If you have any recipes that you’d like me to try out and review, send them to my email (stephanie (at) keeperofthehome (dot) org) and if they’re something I think my family would eat, I’ll make a point of trying them and including them in my roundup if we enjoyed it!


Granola Bars

These granola bars received rave reviews in our home, and with some friends who tried them as well! They were the first granola bar recipe I’ve tried that really stayed together and didn’t crumble, a must with little ones who need snacks on the go. My husband thought they were incredible and I’ve been asked to make them again and again. I used almonds instead of peanuts, because that’s what I had on hand, but I’m sure they’d be great with peanuts as well (which I’m going to try next). I also had to use more Sucanat than honey, simply because I was running out of honey, and it still worked wonderfully. The only thing I don’t like is that it’s quite a process to make them: soak the oats/nuts/seeds, then dehydrate them all, then actually make the recipe. I think that I will soak and dehydrate large batches of the oats/nuts/seeds all at once, and then keep the extra ones stored away so that I can very quickly make a new batch when I want to.

Basil Tomato Soup

Such a fast and easy cream of tomato soup recipe! I use homemade bone broth (either chicken or beef both taste good). After the tomatoes and broth have simmered together, I like to blend mine with a stick blender to make a smoother soup. It’s lovely with fresh basil but almost as good with dried (about 1 Tbsp dried is good), and honey works well instead of the sugar.
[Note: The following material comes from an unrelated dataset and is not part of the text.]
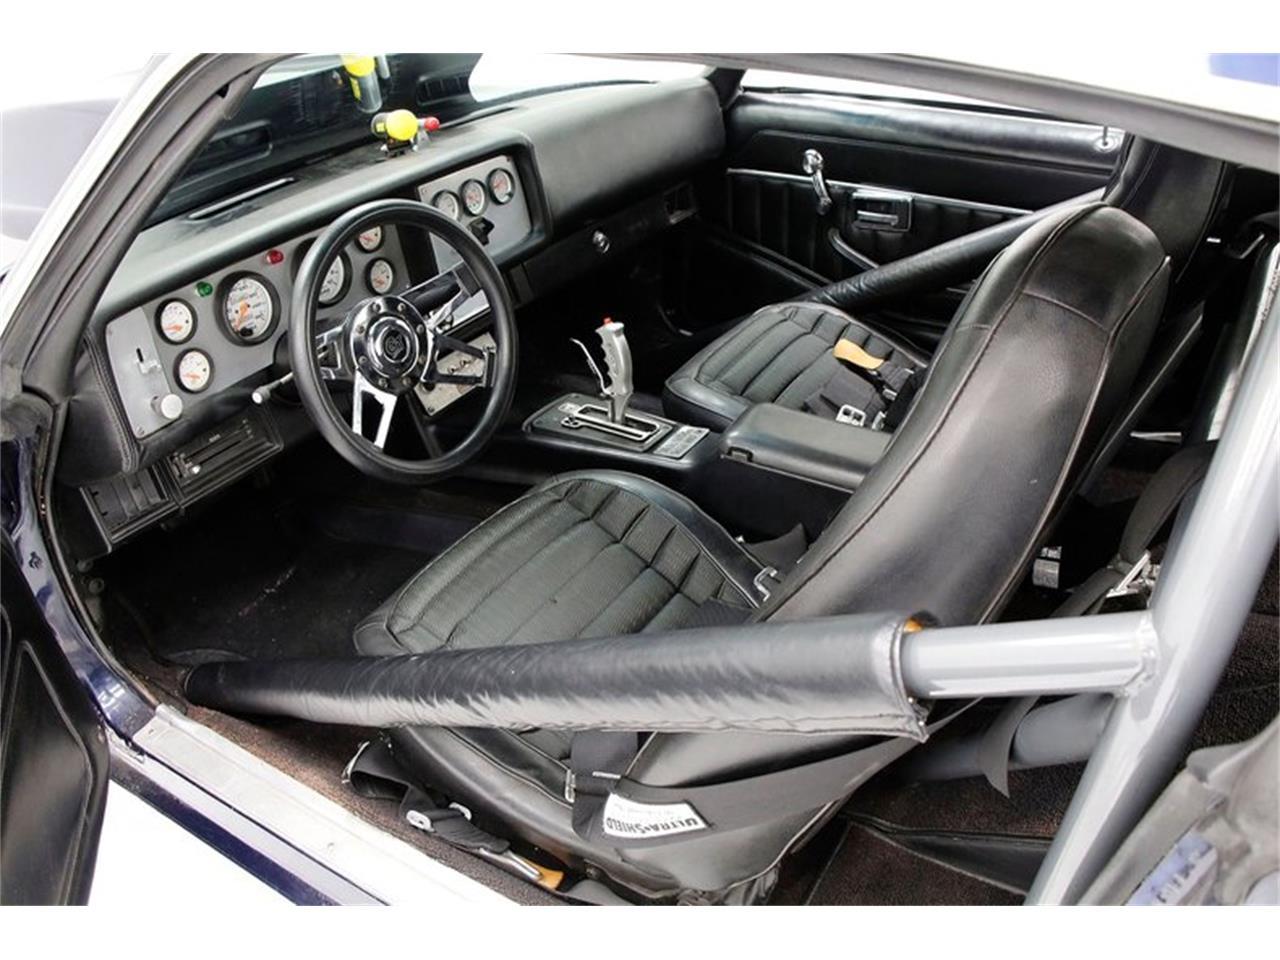 1980 Chevrolet Camaro (CC-1274738) for sale in Morgantown, Pennsylvania

You can use whole milk or lighter cream if you don’t have whipping cream, and it just won’t be quite as thick/rich but will still be tasty. And I never use 1/2 cup of butter (too expensive!), but more like a 1/4 cup and it’s just fine that way. Remember, they’re good fats so don’t be scared of the cream and butter! 🙂

Banana Blender Muffins (from Sue Gregg)

These are my most standard muffin recipe. They are so quick and simple to make, starting them in the blender before bed and finishing them up in the morning. I always make a double batch (though you need a pretty big blender to do so- I have a Vitamix). I like to add things like blueberries, raspberries, different kinds of nuts, etc. My recent favorite variation is to use frozen cranberries (which I bought on a smoking sale after Thanksgiving and just washed/froze for baking). The cranberries have a perfect tart flavor that complements the simple sweetness of the muffins. It’s also really nice with just a little streusel (unrefined sugar/cinnamon) sprinkled on the top before baking.

Soaked Granola

This is my new standard granola recipe. It’s delicious with either just raw milk or with yogurt and berries. Such a nice, quick breakfast for busy mornings! Even though it’s a soaked recipe, it comes together really easily. It takes about 5 minutes to start it the first day, then another 10 to get it mixed up and onto trays for drying, then another 5-10 to mix it up with all the goodies and put it in bags/jars. I just use bits of time that I have in the kitchen in between other tasks and it feels like a cinch to make. I don’t like using so much maple syrup (because of the cost) so I substitute some Sucanat in and then just add a bit of extra liquid. For nuts/seeds, we really like using chopped (lightly roasted) almonds, and this time I’m going to try cashews for a change. I always add sunflower and pumpkin seeds, as well as sesame and flax seeds. Raisins are a must, and I tried dried cranberries last time which were great as well (have never tried the figs). One little trick I discovered recently is that the easiest way to break it all up once it’s dry and ready to be stored is to take chunks of it and process them for a few seconds in the food processor. It gets it to a perfect texture in no time at all, saving me from having to break it all up with my fingers.

Spinach Rice Casserole

Having trouble getting greens into your kids (or husband)? Try this casserole! It’s easy to whip up, and very tasty. My family really enjoys it. It makes a great side dish served alongside fish, especially (or so I think). I’ve also tried using fresh kale instead of the spinach and it was good, just use a bit less kale because it has a stronger flavor. Frozen spinach works fine, too, and I’ve made this using the chopped spinach I froze from my garden this summer.

Crock Pot Ragout

Note that you need to scroll down slightly and the recipe is just described under Thursday: Crock Pot Ragout, so it’s not really obvious to see where it is. Made this just as the recipe said and we all enjoyed it. A good meal for a busy day. It’s simple, nothing spectacular, but it satisfied hungry tummies and we definitely like it with ketchup. It’s not super pretty looking, but I can get past that if it’s quick and tasty! 🙂

crock pot ribs

BBQ Crockpot Ribs (this is Donielle’s pic, not mine)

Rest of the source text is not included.